L’ONG membre d’Alliance Urgences s’inquiète également de la sécurité des filles et des jeunes femmes : ‘’Nous avons constaté que parce que leurs proches sont hospitalisés, nombre d’enfants et d’adolescentes dorment parfois seules dans des maisons dont les portes ont été soufflées. Si leur logement a été détruit, elles se retrouvent dans des lieux bondés, surpeuplés. Nous redoutons que ces situations les rendent vulnérables aux violences ou exploitations sexuelles.’’
Les besoins vitaux : boire, manger, s’abriter
Dans les premières heures suivant la catastrophe, les ONG membres d’Alliance Urgence ont contribué, à l’image de Plan, aux opérations de secours et de déblaiement. Avec Care et Solidarités International, les équipes humanitaires de nos membres ont également procédé à la distribution de colis alimentaires, de kits hygiène et de kits abris.
En effet, comme le rappelle Action contre la faim, l’explosion du 4 août a détruit une partie des réseaux et des infrastructures et a interrompu la fourniture de services de base. ‘’En conséquence, de nombreuses familles sont dépendantes de la distribution d’eau potable, de kits d’hygiène et de produits de désinfection alors que les travaux de nettoyage, d’enlèvement des débris et de réhabilitation des réseaux et connexions d’eau et d’assainissement se poursuivent. »
‘’Notre priorité en ce moment est d’accélérer le rétablissement de l’accès aux services de base, de faciliter le retour des personnes déplacées dans leurs foyers dans la dignité et la sécurité, et d’être prêts à soutenir les hôpitaux, les centres de soins primaires et les cliniques mobiles, ainsi qu’à fournir des biens essentiels à ceux qui ont été les plus touchés par l’incident, déclare Beatriz Navarro, directrice d’Action contre la Faim au Liban. Afin d’atténuer les effets de l’urgence, nous sommes très attentifs à accélérer et à soutenir tous les efforts de coordination humanitaire entre les organisations, agences et acteurs locaux et internationaux impliqués dans la réponse.’’
Conséquence directe de l’explosion, des dizaines de milliers de familles n’ont d’autre choix que de vivre dans des bâtiments endommagés ou de partager des abris, avec un accès plus que limité à l’eau et à l’assainissement, augmentant les risques de propagation du virus.
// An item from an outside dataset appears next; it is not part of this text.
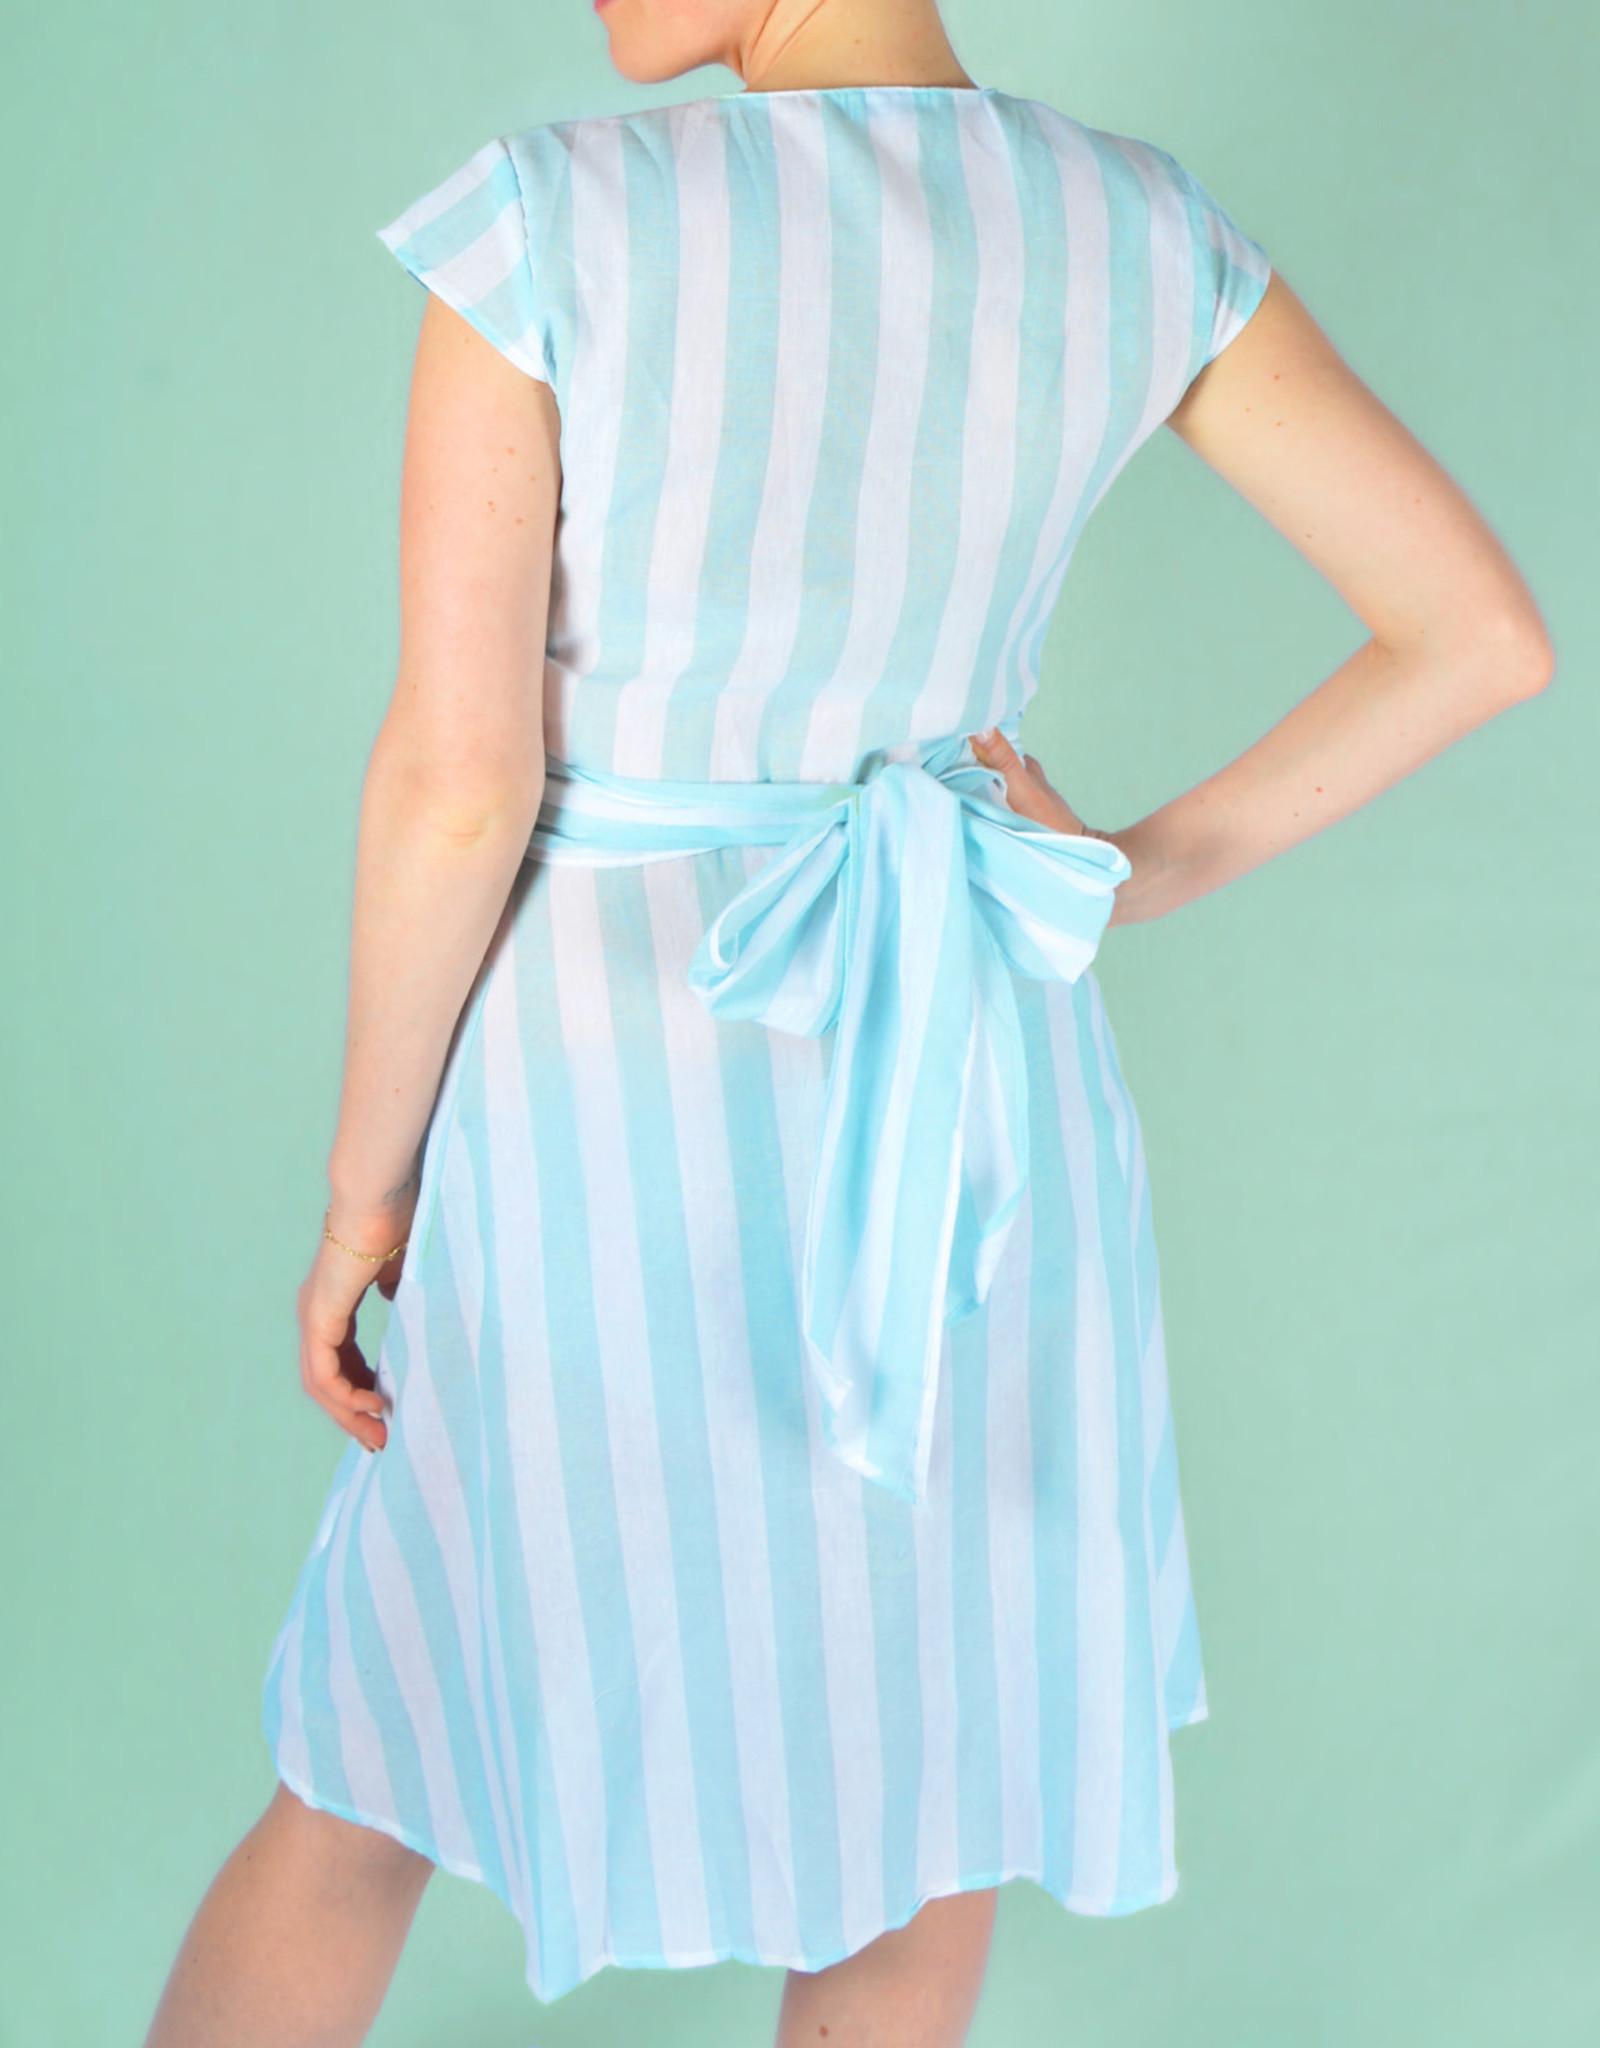 Green striped dress

Ainsi, les équipes de Solidarités International se concentrent sur des actions de réaménagement et de réhabilitation légère d’appartements endommagés par l’explosion dans le centre-ville, tout en veillant à ce que les habitants aient accès à une eau de qualité, à l’hygiène et à l’assainissement. Des interventions menées dans le respect des règles sanitaires liées à la crise du Covid-19, d’autant que ‘’les hôpitaux sont bondés et ont besoin d’un approvisionnement en matériel médical, ainsi que d’une amélioration de leur système d’approvisionnement en eau et de gestion des déchets. »
Distribution de vivres, de kits hygiène, de kits abris, de kits mobilité, accès aux soins, à l’eau, à l’assainissement, aux soins… À Beyrouth, ville dévastée, les équipes de nos membres poursuivent sans relâche leurs efforts sur le terrain.
Un mois après le choc, les familles sinistrées, -blessées, traumatisées, désœuvrées- ont plus que jamais besoin de notre solidarité… et d’unité face à l’urgence.